I think you will end up overtrained and exhausted if you do your 3 days of commuting plus rides on Monday and Friday plus a weekend ride. You need recovery time.

If you want to do more than you do now I'd suggest a Saturday or a Sunday ride. That would give you 3 recovery days a week. If you wanted to get out of the house on a recovery day, just go for an easy walk.

Once you stop feeling tired on your commutes, perhaps you could then ride both days at the weekend but I'd keep the Mondays and Fridays for recovery.

Oh, and if you are serious about losing weight, I suggest that you check the scales at least once a week so you don't let a stone slip back on unnoticed! ;)


I doubt it - not from pootling along with HR below 120 most of the time.

I'd say he needs to eat BETTER all round (not more). Sorry to say, but your diet sounds crap Roaders. Eat proper meals with fruit, veg, brown rice, wholemeal pasta, fresh fish, chicken, etc. then you might actually have the energy to cycle a bit harder and burn more calories riding your bike. You might want to think about spreading your calorie intake through the day so you eat something not long before you head home (like a banana or a muesli bar).
 

EdgEy

New Member
Seems to me you're basically eating rabbit food in the mornings and gorging at night!
You'd be much better off eating before cycling.

Chicken breast is high in protein, healthy and low in calories. So is tuna.

If you eat properly in the day you won't be as hungry at night.
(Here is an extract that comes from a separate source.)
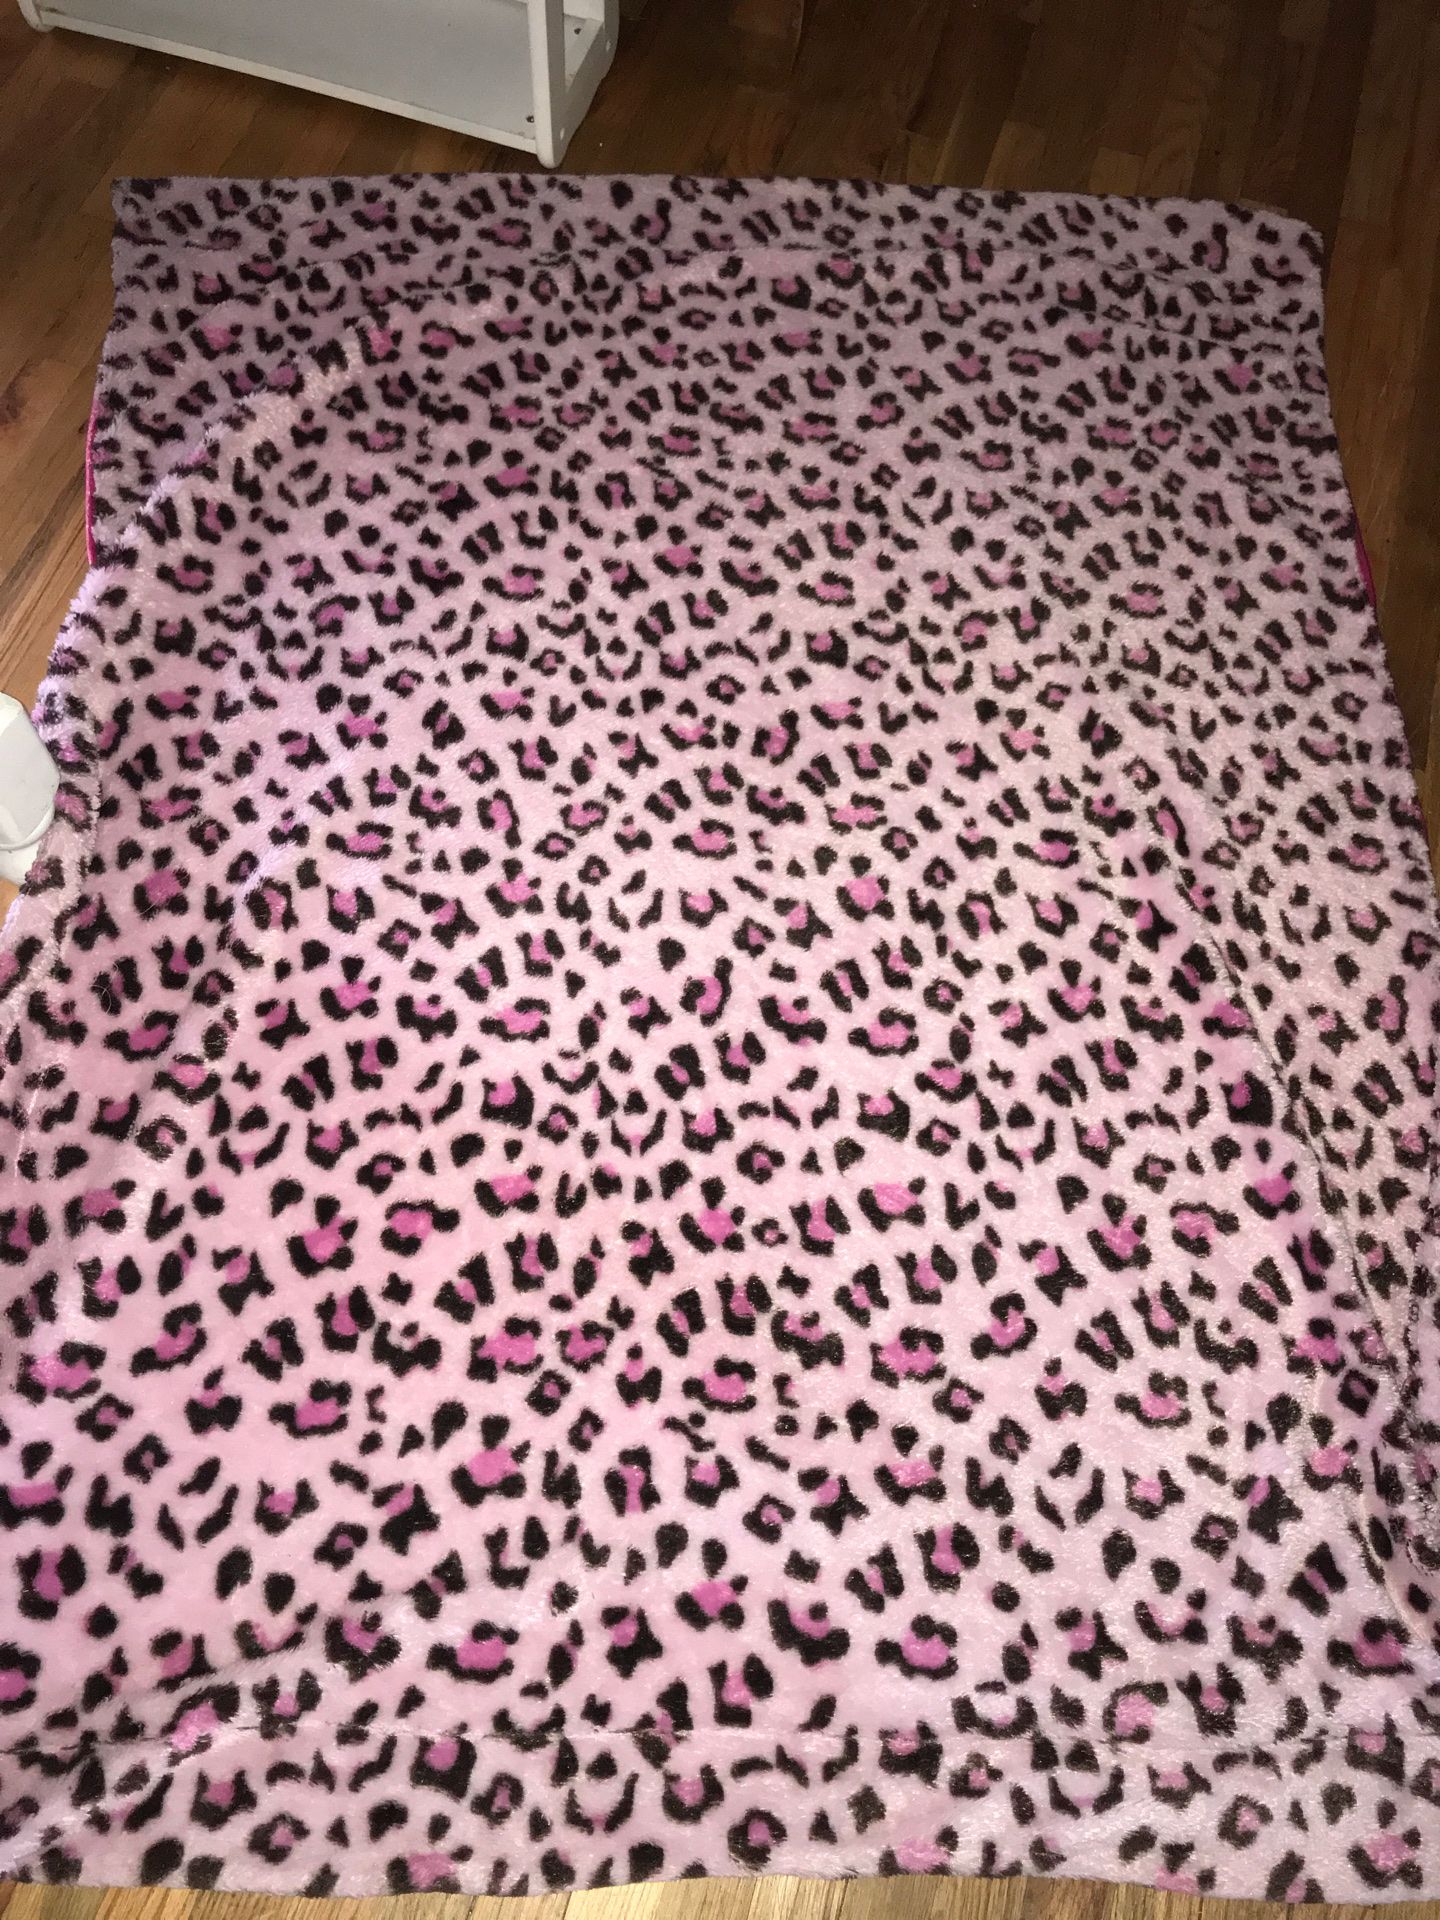 Pink Cheetah Fur Throw Blanket

"Eating less" shouldn't take priority over eating properly. As a big man, you'll be burning a lot of calories cycling, even your BMR (basal metabolic rate, how much energy your body needs to idle) will be fairly high.

Don't worry about dieting or losing weight, if you eat healthy and continue cycling the job will do itself. We're not small animals, we need more than soup !
 

Garz

Squat Member
Location
Down
Losing weight is all about how much your consuming. You have to gradually eat less each day/week to a sensible level, which with added exercising is harder to manage but do-able.
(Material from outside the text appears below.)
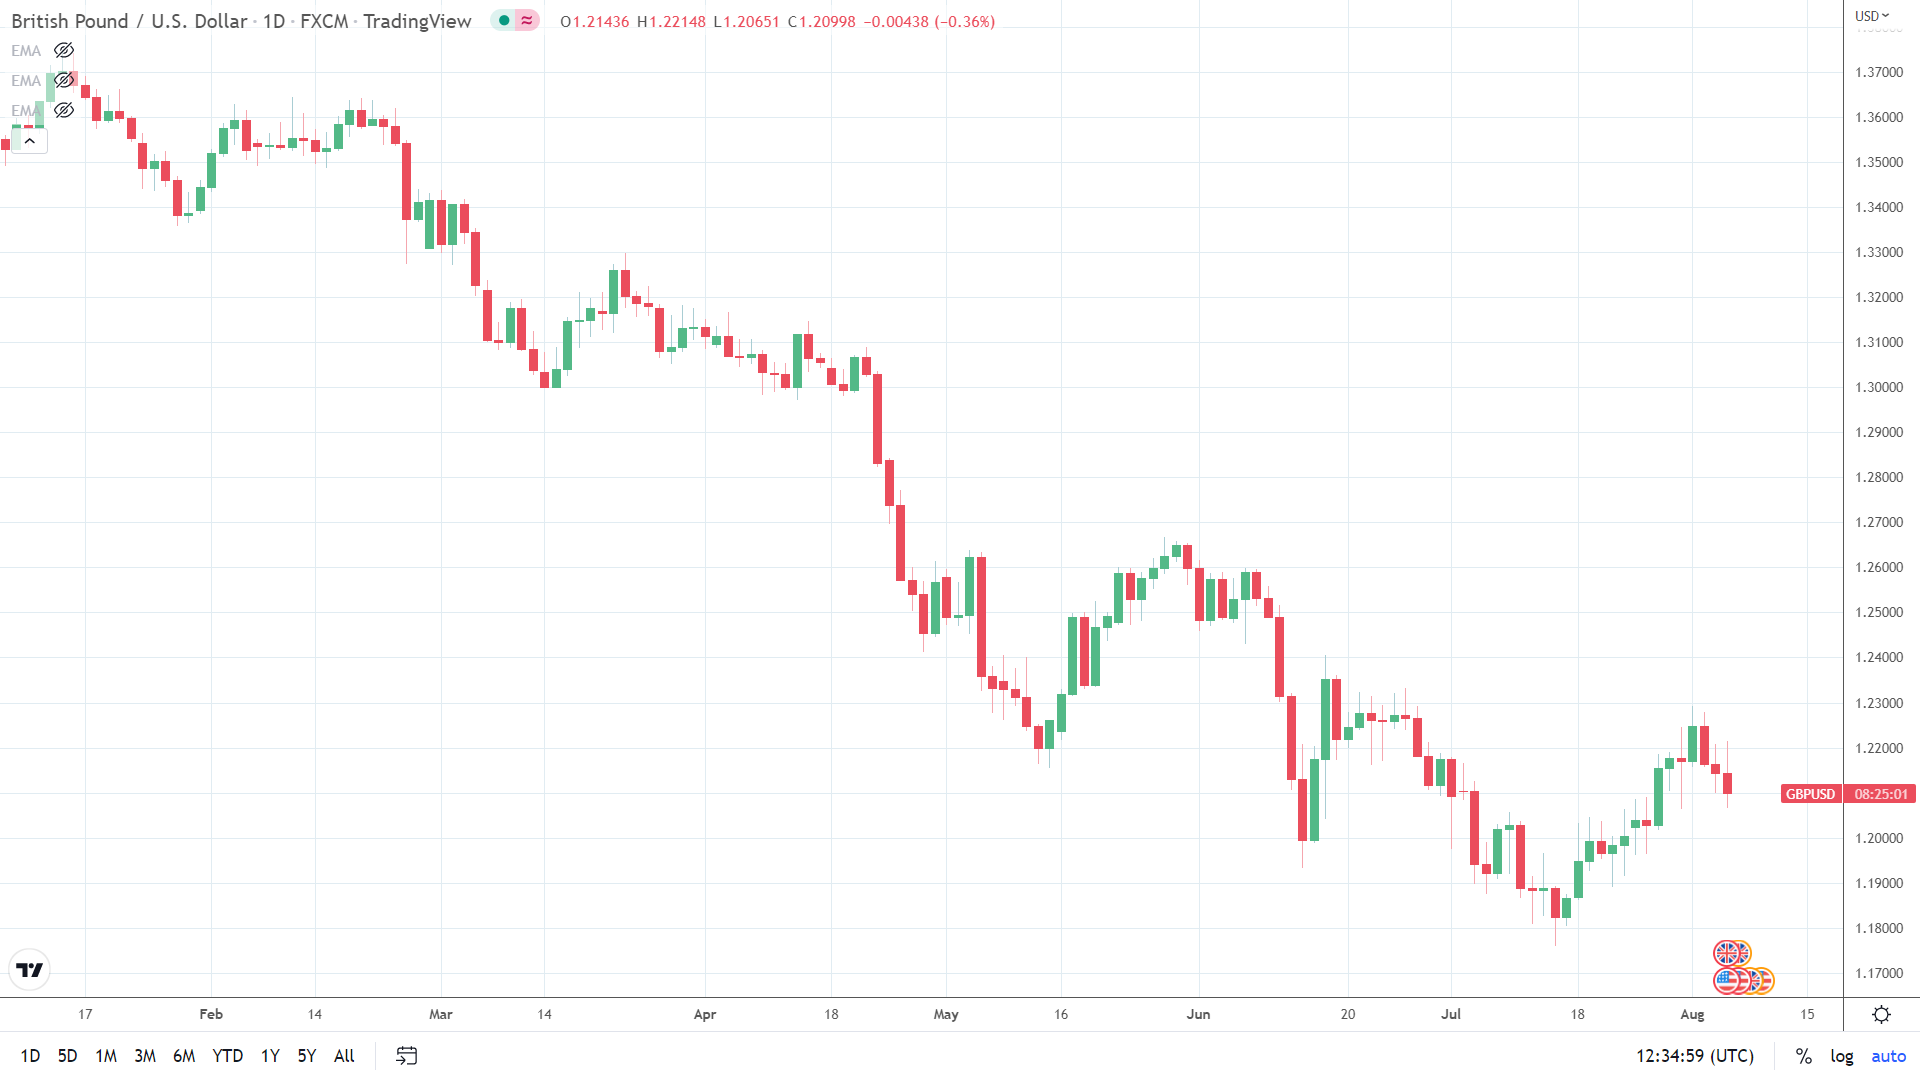 GBP/USD under pressure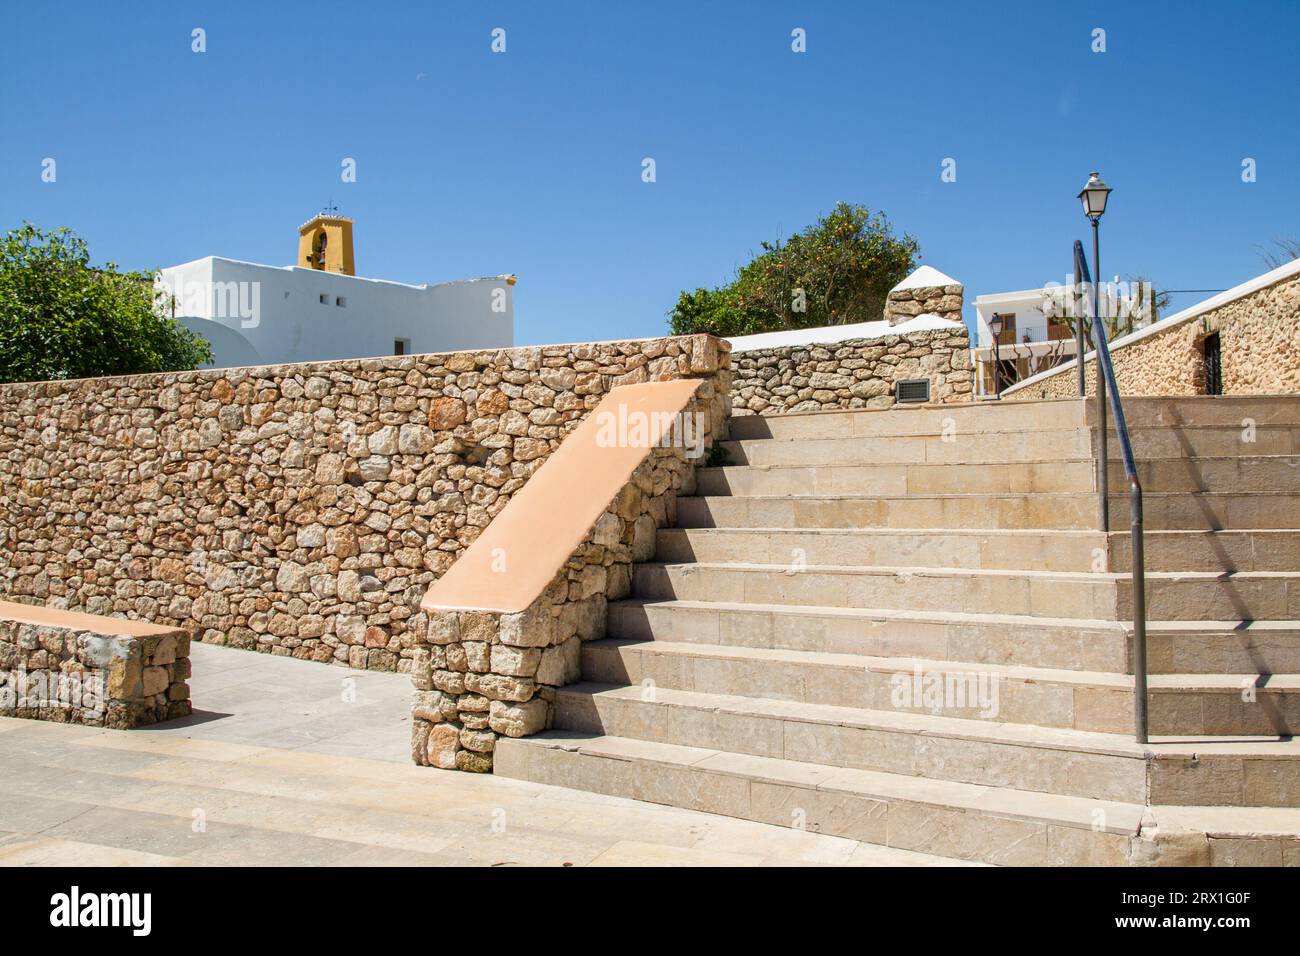 Villaggio pittoresco di Santa Gertrudis con scale e mura in mattoni, luogo famoso per una gita di un giorno all'isola di Ibiza, alle isole Baleari, alla Spagna e all'Europa Foto Stock

Smoothies are great but for loosing weight they are terrible. Home made ones are far better but still can be high energy if your not careful.

I dont need to say anything about ready meals and takeaways, that's self explanatory. I will highlight though - enjoy your riding firstly, the weight loss will come eventually. If you try too much too soon then you will end up hating the training/riding/dieting and give up, so slow and steady wins the race!